• ECHO Action Editor

Move toward gas is wrong for this region, by Patricia Martin

It weighs on me.

In Concord, legislators voted to shut down Concord Steam, a cogeneration biomass plant that provided electricity and district steam to 180 commercial, municipal, school and state buildings in downtown Concord. Those buildings are being converted to Liberty Utilities’ natural gas. The price tag for converting state buildings is $25 million.

In Pelham, Liberty plans to drill beneath Beaver Brook to bring natural gas to the municipal buildings. The Pelham Energy Committee supports the plan, based on the now discredited claim that natural gas is a bridge fuel and is better for the environment than burning oil for heat. Although burning natural gas produces less carbon than oil, the methane released in producing and transporting the fracked gas is 86 times more potent as a greenhouse gas than carbon.

In Keene, a major natural gas infrastructure project is underway to expand service. The city is faced with an aging plant and safety concerns. This is the same scenario that pushed Concord Steam into a death spiral.

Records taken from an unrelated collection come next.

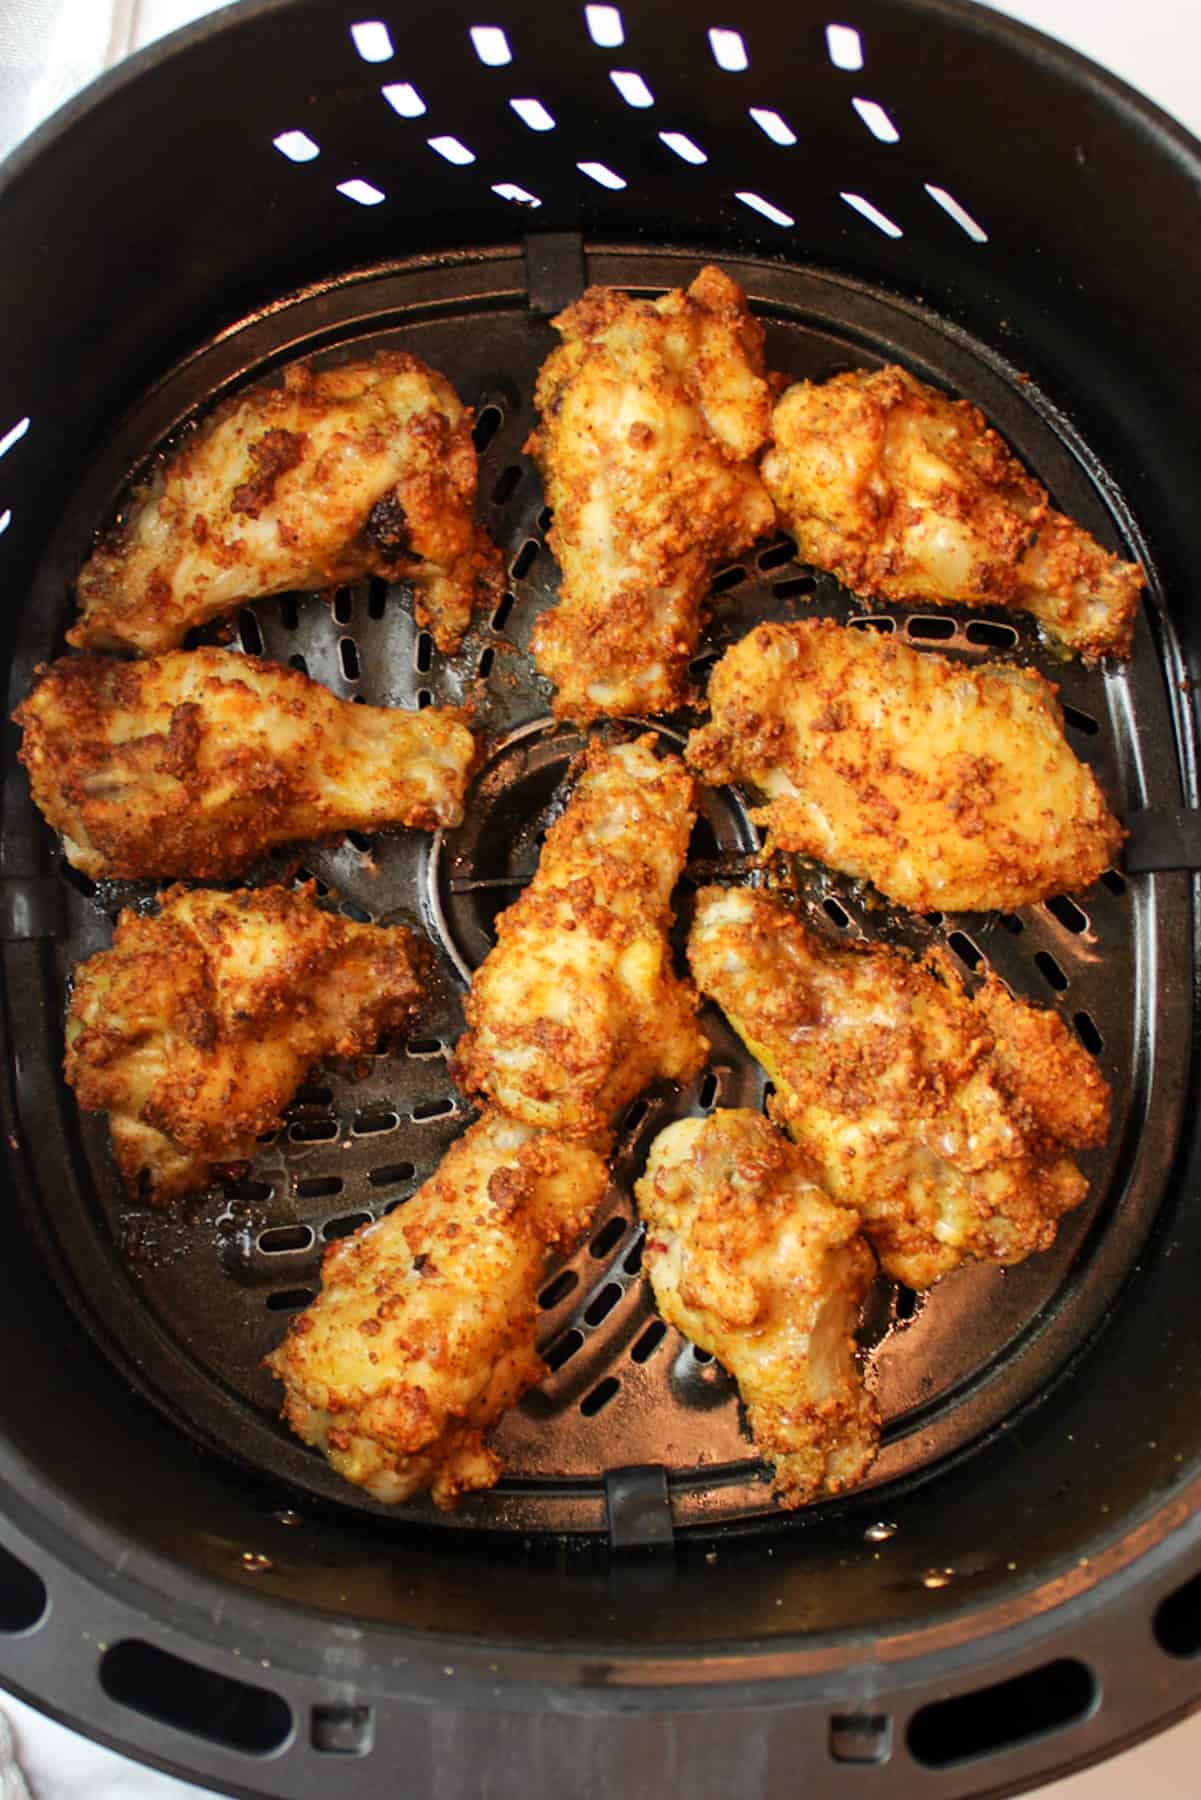 crispy chicken wings in an air fryer basket.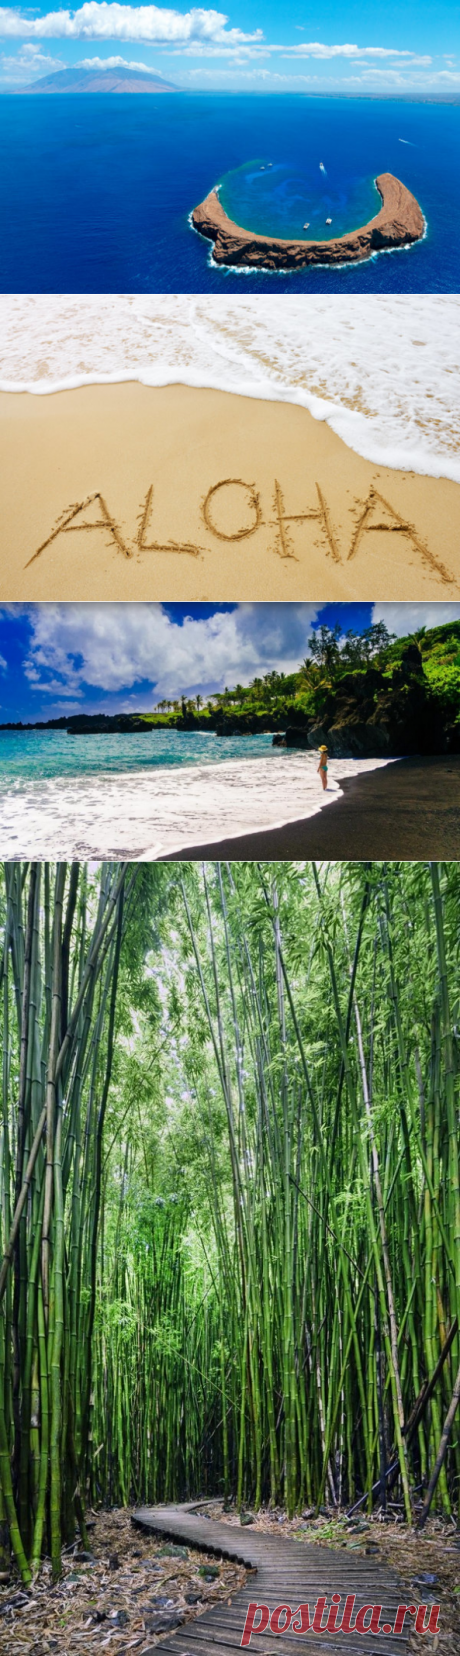 12 причин считать гавайский остров Мауи лучшим в мире. ФОТО - ForumDaily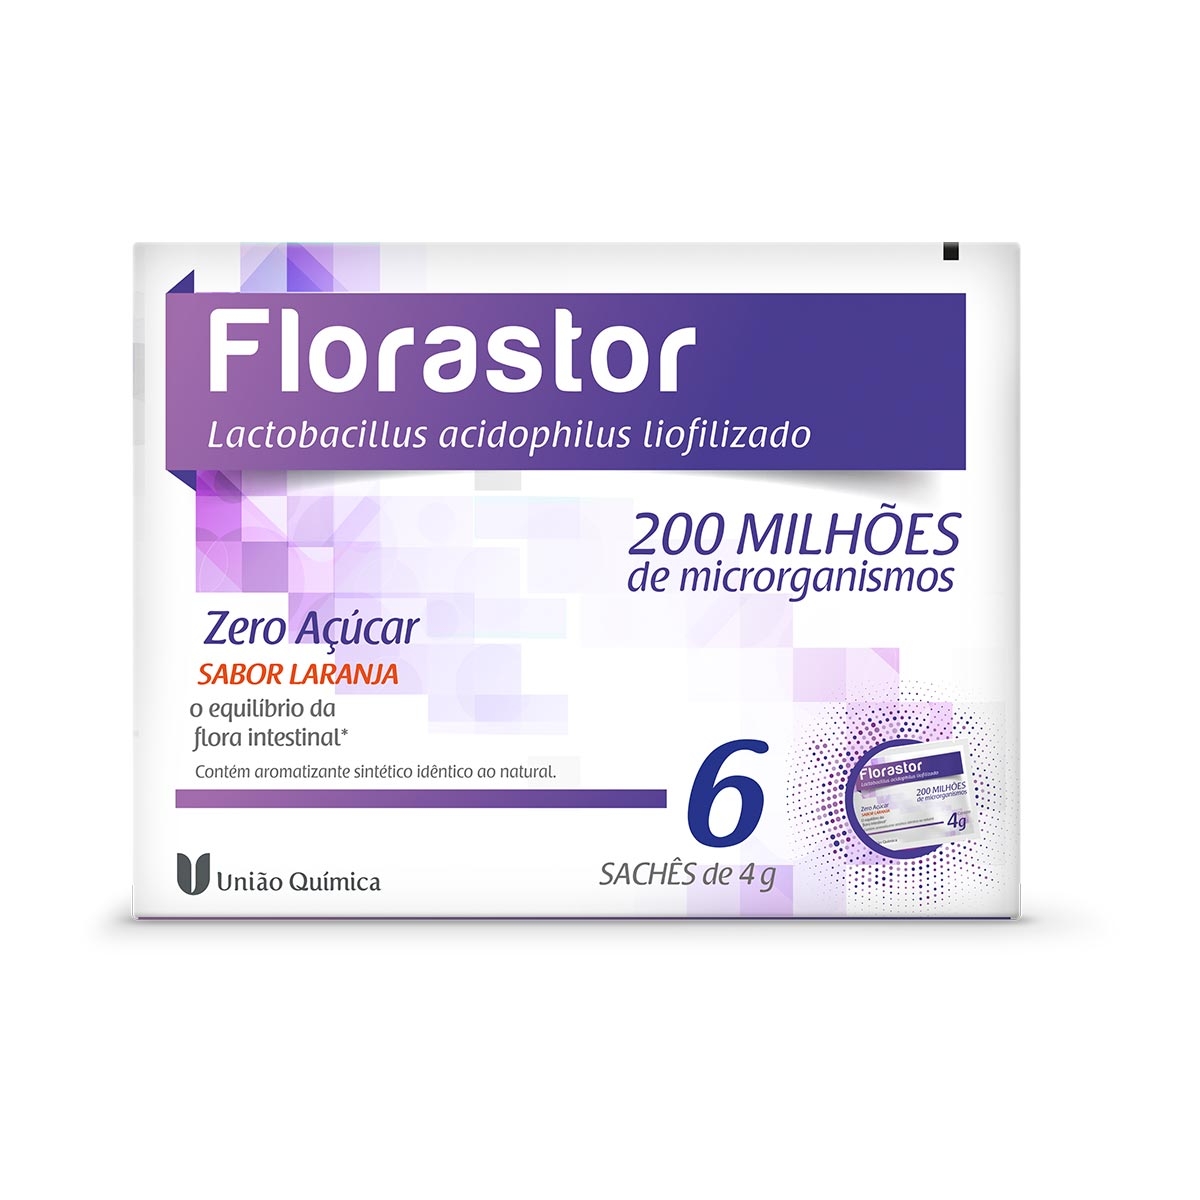 Probiótico Florastor 6 sachês de 4g cada

I don’t know what the economic considerations are for Keene, but for Concord and Pelham, the supporters of these plans are getting their data and assumptions from Liberty Utilities. What alternatives to making a 20-year investment in fossil fuel infrastructure were considered?

Many of us fought for Concord to consider other, greener alternatives than shutting down Concord Steam. We did not get a lot of support from the community of affected businesses and nonprofit agencies. Even the greenest customers of Concord Steam told us variations of: “It’s a done deal. They already use natural gas instead of biomass on most days at Concord Steam. It’s just one project and the community needs it.”

Aren’t we supposed to be transitioning away from fossil fuels?

Some of the people who should be standing up and asking questions are intimidated by the fact that they have friends working on these projects or who own businesses that may benefit from cheap gas. They rationalize that they should just let this one go because it’s small and couldn’t possibly bring more pipelines to New England. Similar scenarios are playing out all over the Northeast and are exactly the way new pipelines are justified.

At least ask the question: “Do we have an economic alternative to using more gas?” The answer may surprise and inspire people to find a better option.